INTERVIEW: SANDRINE PELLETIER TALKS TO FILEP MOTWARY:
Dear iDEALS, with the help of mySPACE.com I found myself surrounded by people I have always admired. Finally the need of all of us creative people belonging to a community has evolved to something more than interesting. I’ve Known Sandrine’s work from here and there but it wasn’t until I visited the website she has among her collaborator ERWAN, when I finally realised that they are both responsible for some important masterpieces of the modern art and fashion world.
(PHOTO OF SANDRINE: Inez Van Lamsweerde & Vinoodh Matadin)

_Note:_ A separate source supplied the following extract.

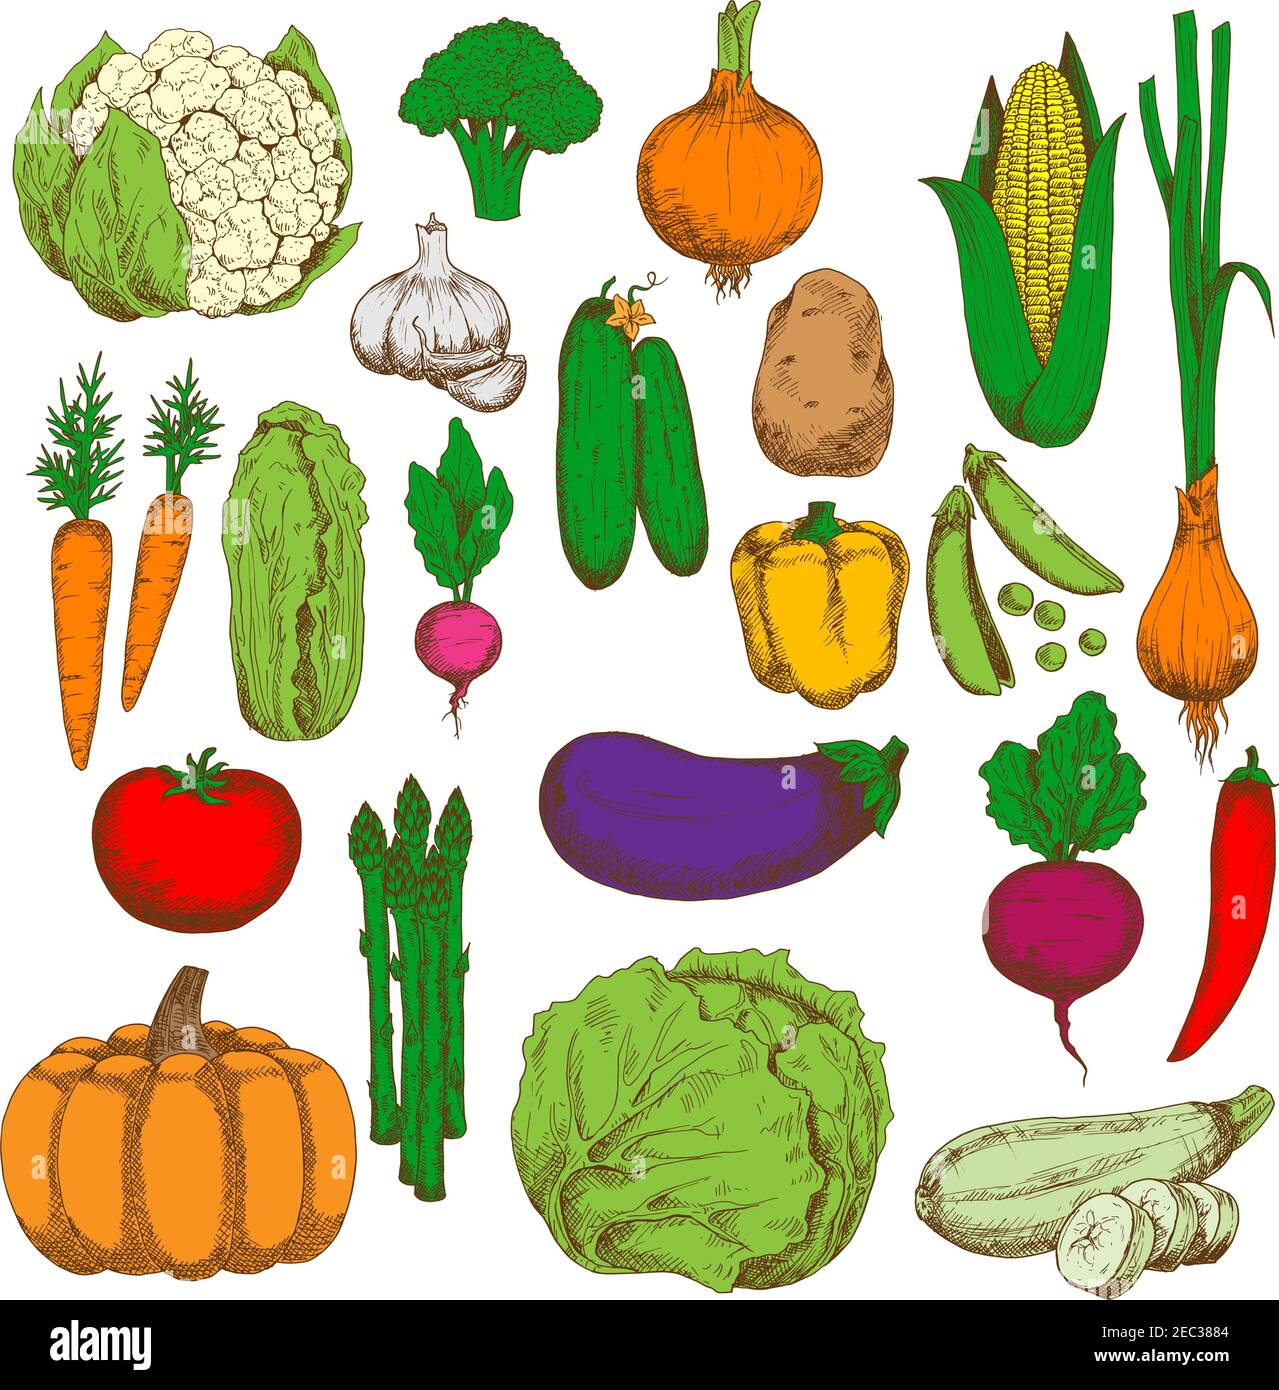 Green crunchy cabbages, cucumbers, cauliflower and asparagus, sweet corn, pumpkin, carrots and beet, ripe tomato, potato, eggplant and zucchini, juicy Stock Vector

Filep Motwary: You know that I got impressed while looking at http://maskara.ch . I want to ask you how everything started for you, becoming an artist and soon after your work being featured in the most important fashion magazines? Sandrine Pelletier: It was a lucky accident! My work was shown through a group show displaying graphic designers' works at Centre Georges Pompidou. I was formed to be a graphic designer, at the beginning...
I guess I was very lucky to be spontaneously contacted by my galerist after that. This guy simply asked me: "Hey, those printed embroideries, could you try to make them for me? I’d like to see them hangin' on a wall» I thought it wasn't for real, as I couldn't really imagine myself as an artist... 
Then, M/M asked me (I've meet them when I was a baby designer at the ECAL in Lausanne)"Ok, we are doing the art direction for the next I-D issue, can you try to gets into a Kate Bush fan's skin and making image for us? We think it could match with you" After that, I had the motivation to keep going on my artistic works. Magazines are the best and grateful windows you can get. They can be read by everyone, at anytime. Exhibition is something more direct and rough: people are facing directly your work, for the worst or the best. Filep Motwary: Another thing that made me "wave" is the magnitude literally of your works. I mean some of your pieces have enormous sizes or need enormous spaces to displayed, How much time did it take you to finish the" Angoraphopia", or "Royal" projects? Sandrine Pelletier: No pain, Baby, no gain... Angoraphobia took around six or seven weeks of a full time job. The composition of white cats from the art piece "La Chatière"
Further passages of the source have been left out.